Emergency officials say that 911 service was mostly restored in Erie County at 7 a.m., after an outage that started around 3:30 a.m. That was three and a half hours after the outage began.
According to Erie County's Emergency Services, two backup systems for the 911 call center didn't work as planned. Erie County Executive (D) Mark Poloncarz says calls were routing to Buffalo and Tonawanda dispatchers instead of the designated four dispatch centers.
"If the system ever went down here Amherst, Tonawanda, Cheektowaga and Hamburg would immediately be rerouted with all the calls," said Poloncarz. "It appears that only Tonawanda and the Buffalo Fire call centers were receiving calls."
Other 7-digit numbers were released for emergency calls.
The outage was caused after a cooling system failed at the county's 911 center. The system began to overheat, which forced the systems computers to shutdown. Two back-up systems, which would have rerouted calls and notified county officials about the system failure, also didn't work.
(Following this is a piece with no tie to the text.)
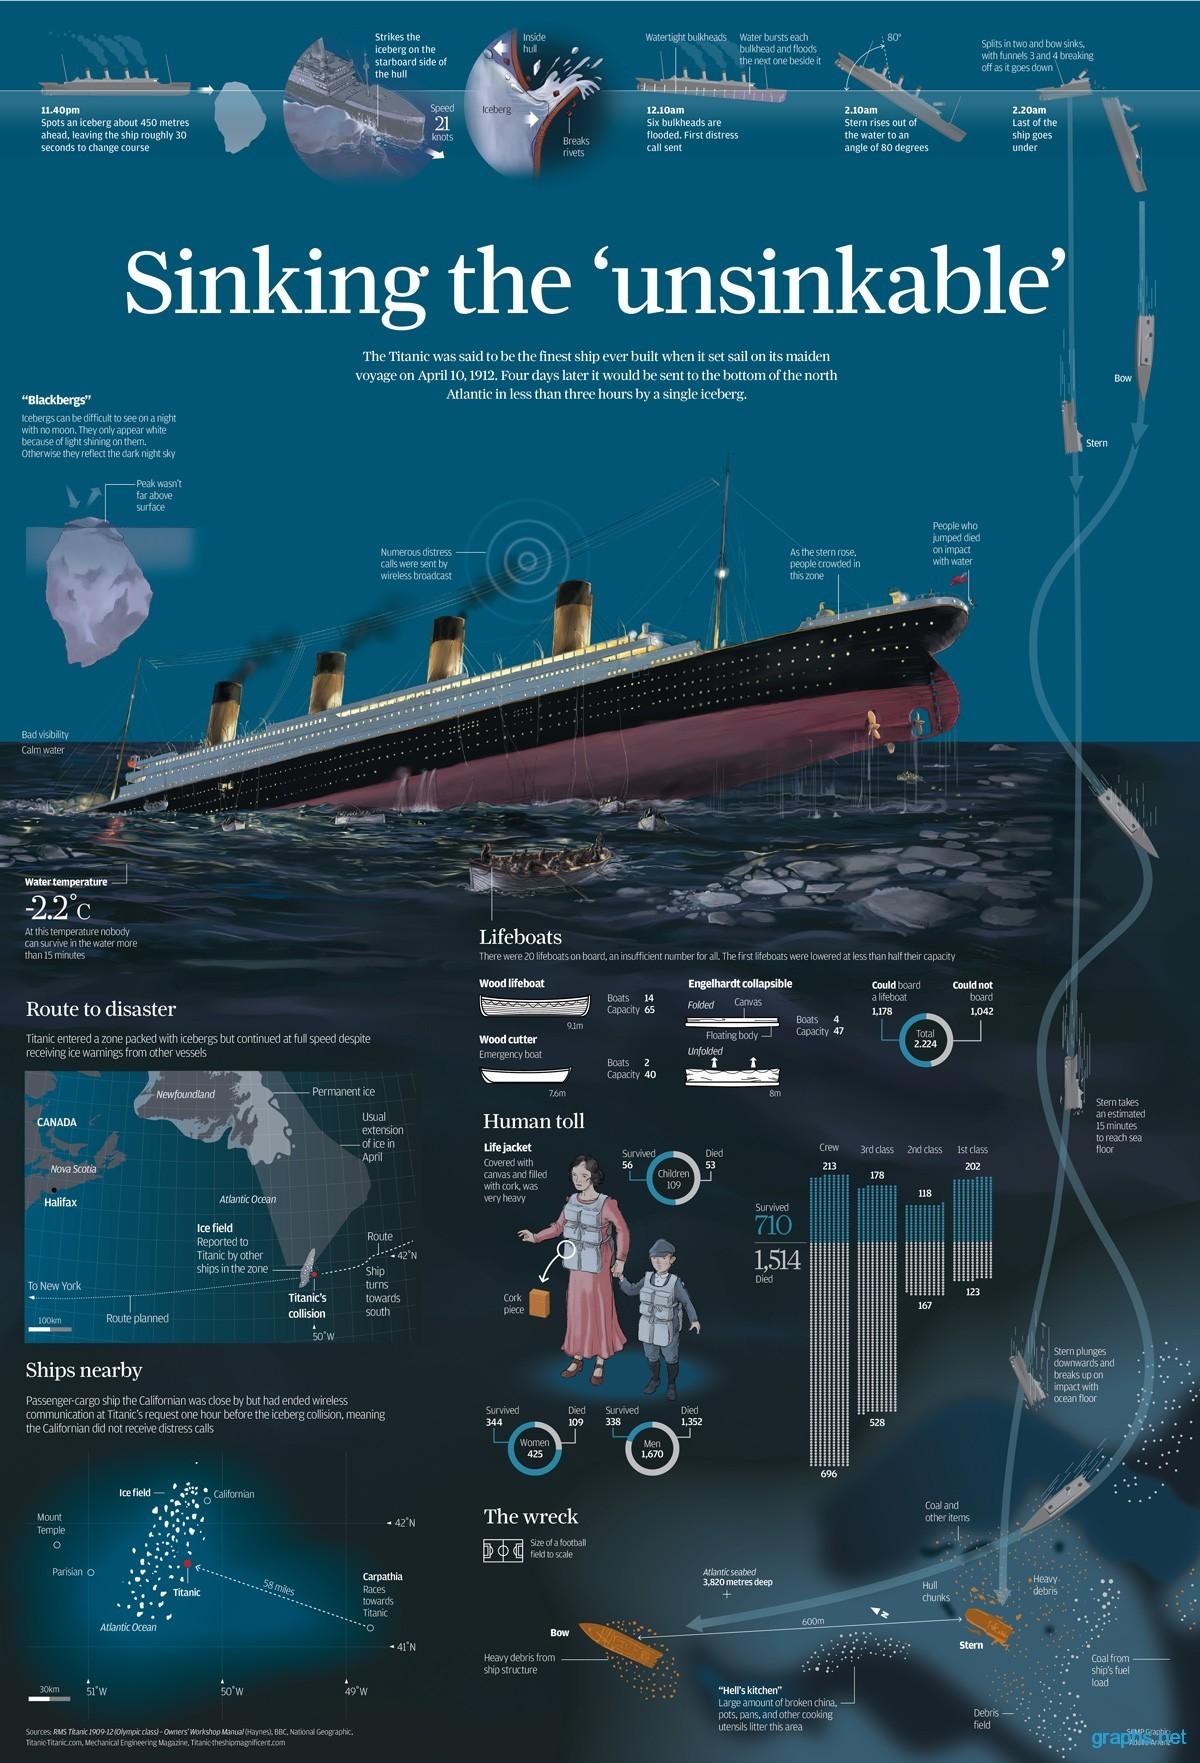 RMS-Titanic-infographic

"The backup system that is part of this building is controlled by Siemens which is suppose to notify county personnel of a shut down of these type of HVAC locations - didn't activate," said Poloncarz.
7 Eyewitness News called Siemens to get answers about what happened but they said, "No comment."
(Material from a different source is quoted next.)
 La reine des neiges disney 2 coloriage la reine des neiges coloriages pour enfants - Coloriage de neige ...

7 Eyewitness News asked for a tour of the call center, but his staff said: "Please be advised that no tours or video availability will be happening at the Center today."
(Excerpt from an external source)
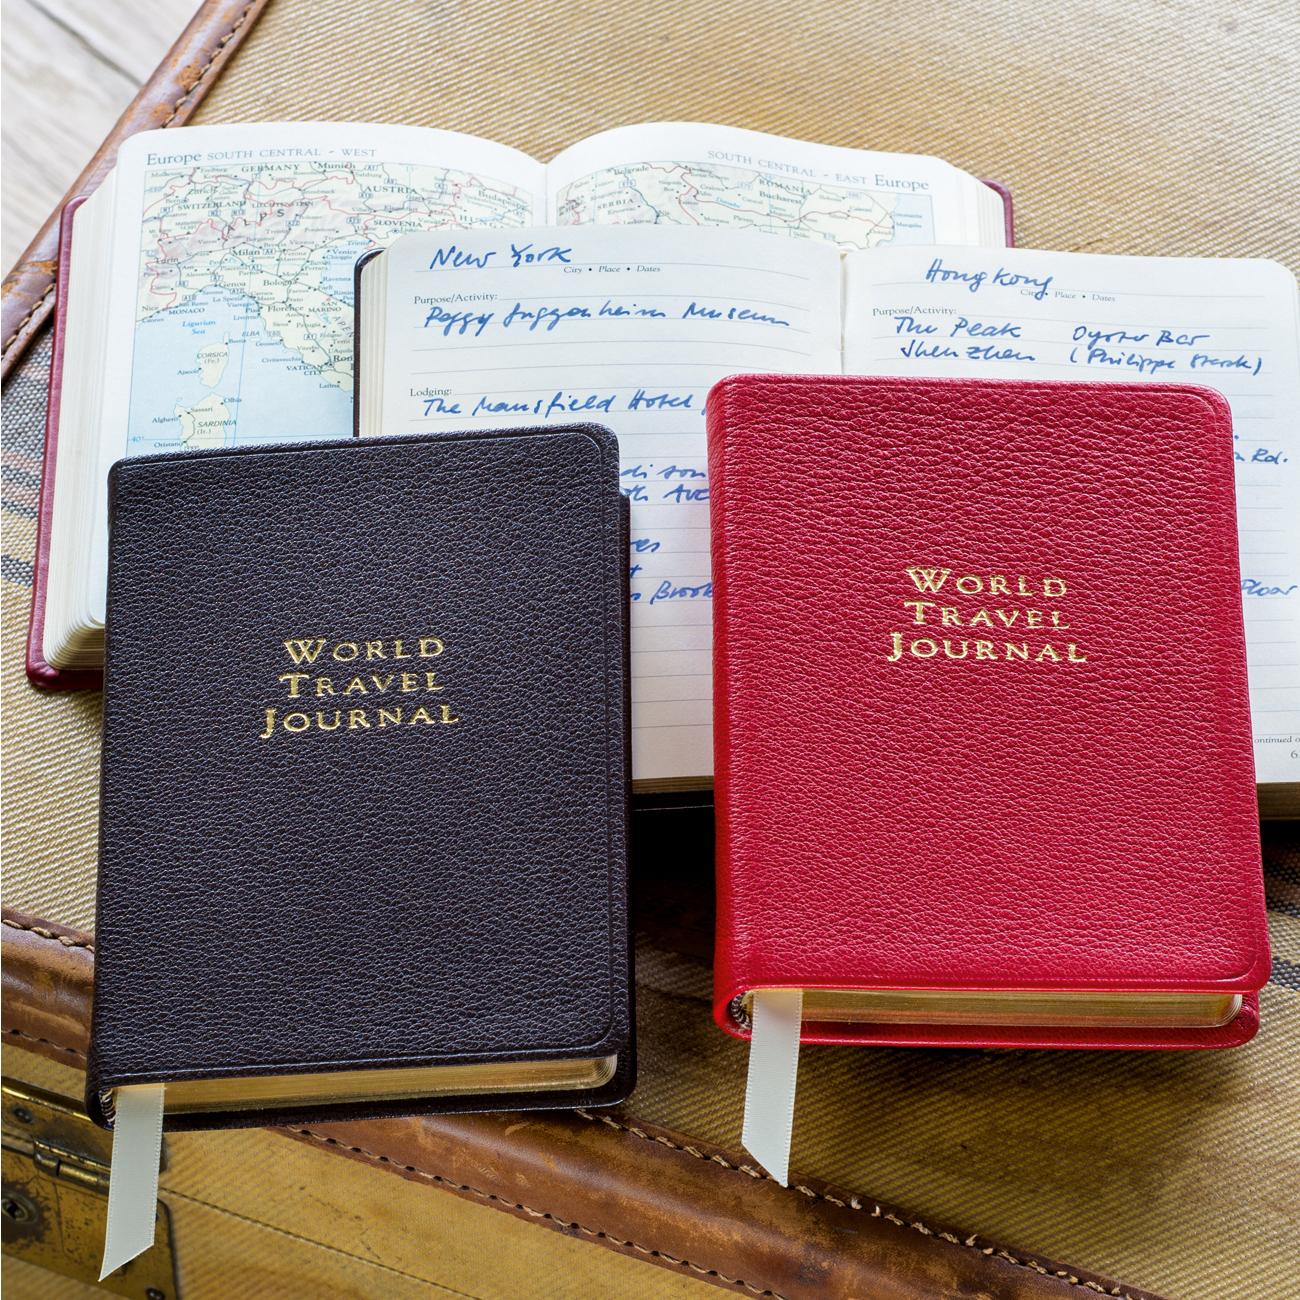 World Travel Journal bei Torquato.de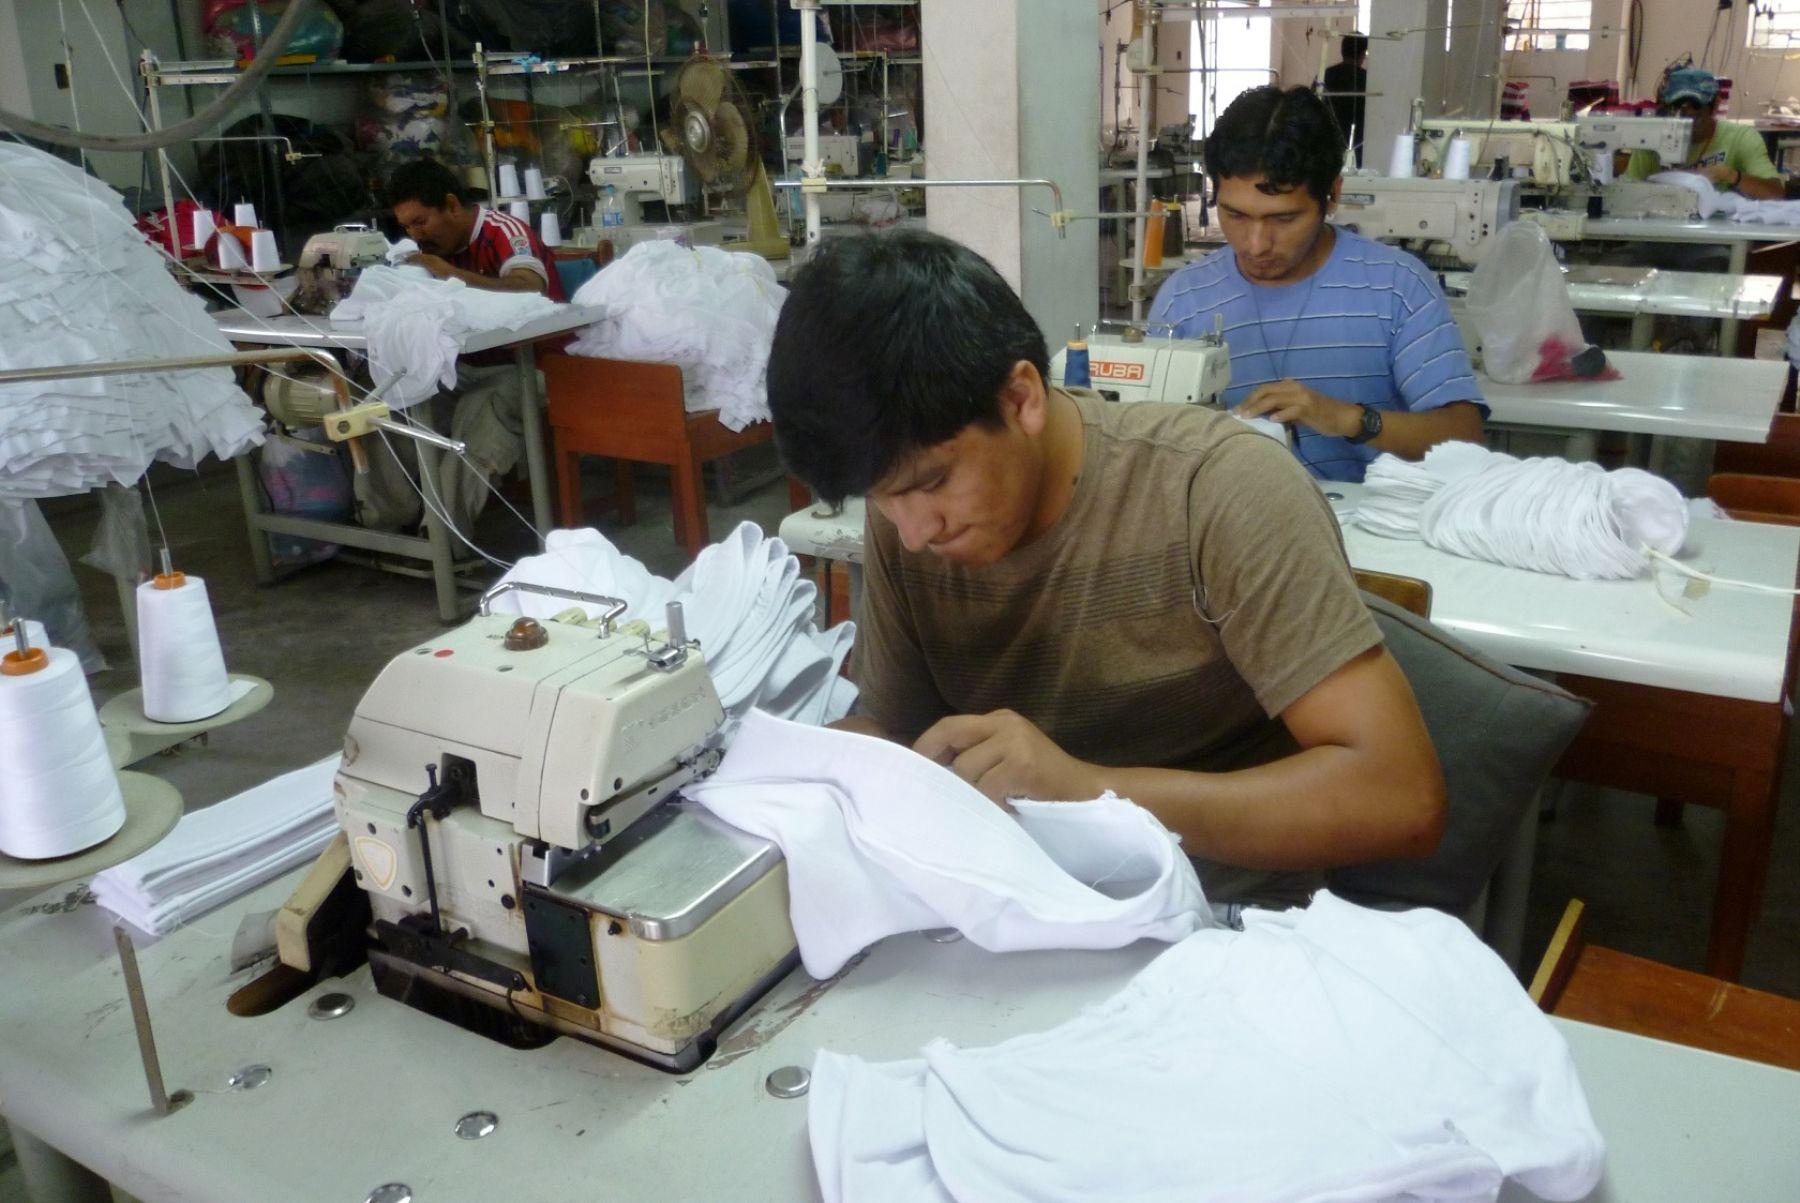 342011-indemnizar-o-reponer-las-empresas-prefieren-pagar-mas-antes-que-reincorporar-extrabajadores

Shortly thereafter, Poloncarz took a tour of the facility, tweeting photos from inside:
Touring the E 911 Call Center which is receiving and responding to calls. @ErieCountyESU pic.twitter.com/szG0ymYXGH
— Mark Poloncarz (@markpoloncarz) March 30, 2016
According to Poloncarz the other backup system relies on Verizon, which helps in rerouting calls.
Erie County Legislator Edward Rath (R) is demanding a hearing on April 7th to look into the failures. Poloncarz had harsh words from Rath:
Mark Poloncarz: If you make cuts, don't be surprised when thin...Erie County Executive has some harsh words for a legislator who's calling for a hearing after the county's 911 system went down overnight."I've been up since early in the morning. I'm fairly confident Legislator Rath was sleeping in and then calling for a hearing without doing anything to make a difference."
Posted by WKBW-TV on Wednesday, March 30, 2016
In the meantime Commissioner of Emergency Services for Erie County Daniel Neaverth Jr. said the problem is being reviewed.
"What we're doing now is addressing with Verizon and Intrado with those folks, as to why when we did actually have a hard shut down it didn't transfer to those four back-up systems," said Neaverth. "That's really where the investigation needs to be and once we get an answer from them we'll have a better handle on making sure this never happens again."
Neaverth said there were no serious emergency calls during the shut down. He said on average they receive 45 calls during that time.